Move should reassure foreign investors on the quality of regulation in the country
Anil Padmanabhan | Shauvik Ghosh (Livemint)
Nay Pyi Taw: Myanmar on Friday promised the creation of an independent watchdog for telecom in a move that should reassure foreign investors worried about the quality of regulation in the country that’s opening up its airwaves, among other areas, to investment.
The announcement was made at the ongoing World Economic Forum (WEF) on East Asia in Nay Pyi Taw by U Thaung Tin, deputy minister of communications.
The move comes a few days after a consortium led by India’s largest telecom services provider, Bharti Airtel Ltd, submitted bids for two telecom licences, on 3 June, along with 10 other consortia. The winners of the tender will be the second and third telecom services providers in the country after the government-run ministry of communications, posts and telegraph that is also handling the tender. The new licences are being awarded for 20 years with the possibility of another round for bids for two licences once this is done.
Thaung Tin added that the winner of the competitive bids for the privatization of the nation’s telecom network will be announced on 27 June.
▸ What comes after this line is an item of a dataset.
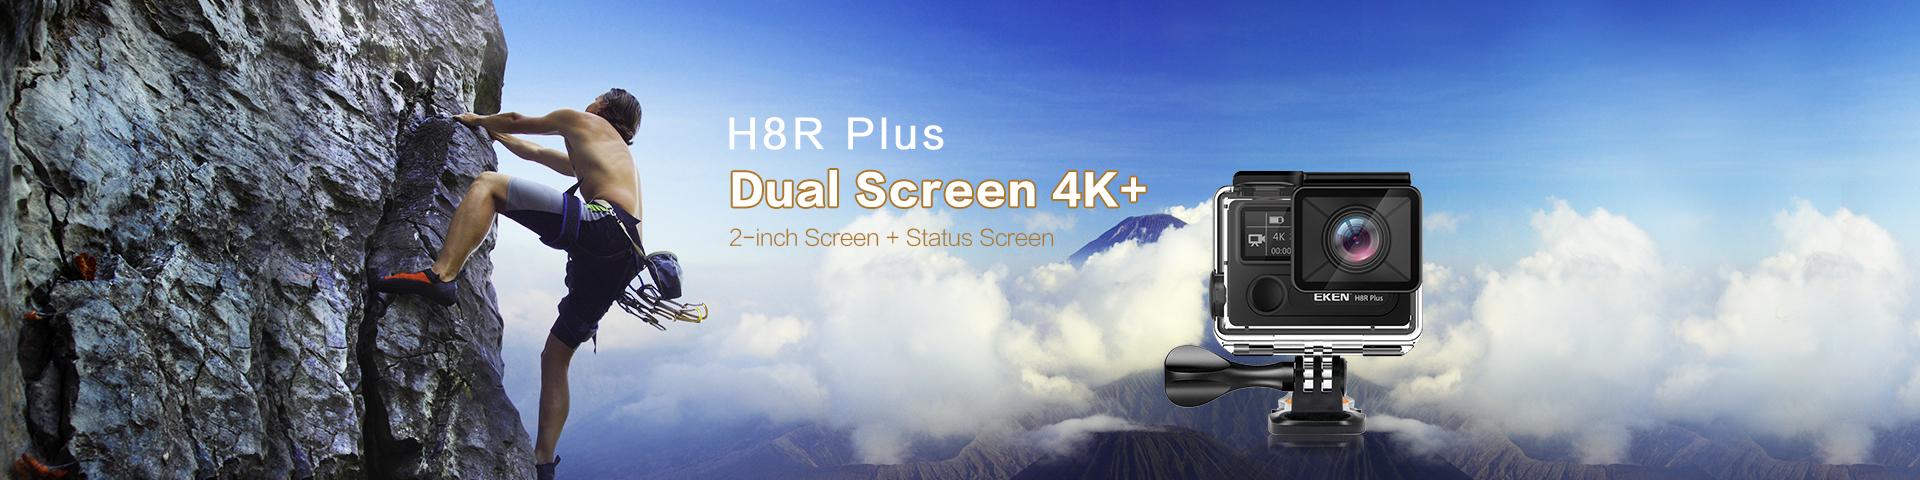 H8R Plus action camera

Myanmar is one of the last countries to open up its telecom sector, and less than 10%—5.4 million of its 60 million population—have access to a phone. The government has set a target of connecting 75-80% by 2015-2016. The average level of telecom penetration in India was 73.32% at the end of March.
The other bidders include Axiata Group Bhd, Digicel, France Telecom SA, KDDI Corp., Millicom International Cellular SA, Qatar Telecom QSC, Singapore Telecommunications Ltd, Telenor and the Viettel Group. A Vodafone Group Plc and China Mobile Ltd combine chose not to bid in the final round.
Interestingly, the winners will not be decided solely on financial aspects, but mainly on the ability of the telco to fulfil the task at hand—starting operations in nine months and reaching the set telecom penetration targets.
The creation of a telecom watchdog is being seen as a positive move, given the lack of regulation and policy in Myanmar. The procedure being followed by the Myanmar government to open the sector is being seen as very similar to the India model, where, soon after private telecom companies started services in 1995, the government formed the Telecom Regulatory Authority of India (Trai) in 1997.
“The Indian telecom regulatory story has been an eventful one and one hopes that the Myanmar government learns as much from the successes and the failures,” said Mahesh Uppal, a telecom regulatory expert and director at Com First (India) Pvt. Ltd.
“Trai has done well on things like interconnection, ensuring that rates stayed low, and growth was not bogged down, as is the case with many other countries. However, in contrast, the issues around spectrum and licensing, one hopes they avoid,” he said.
“There are two things that a telecom regulator must keep in mind when managing the sector—ensuring sufficient competition for quality of service and tariffing purposes, and ensuring the sector remains an attractive destination for investors,” Uppal added.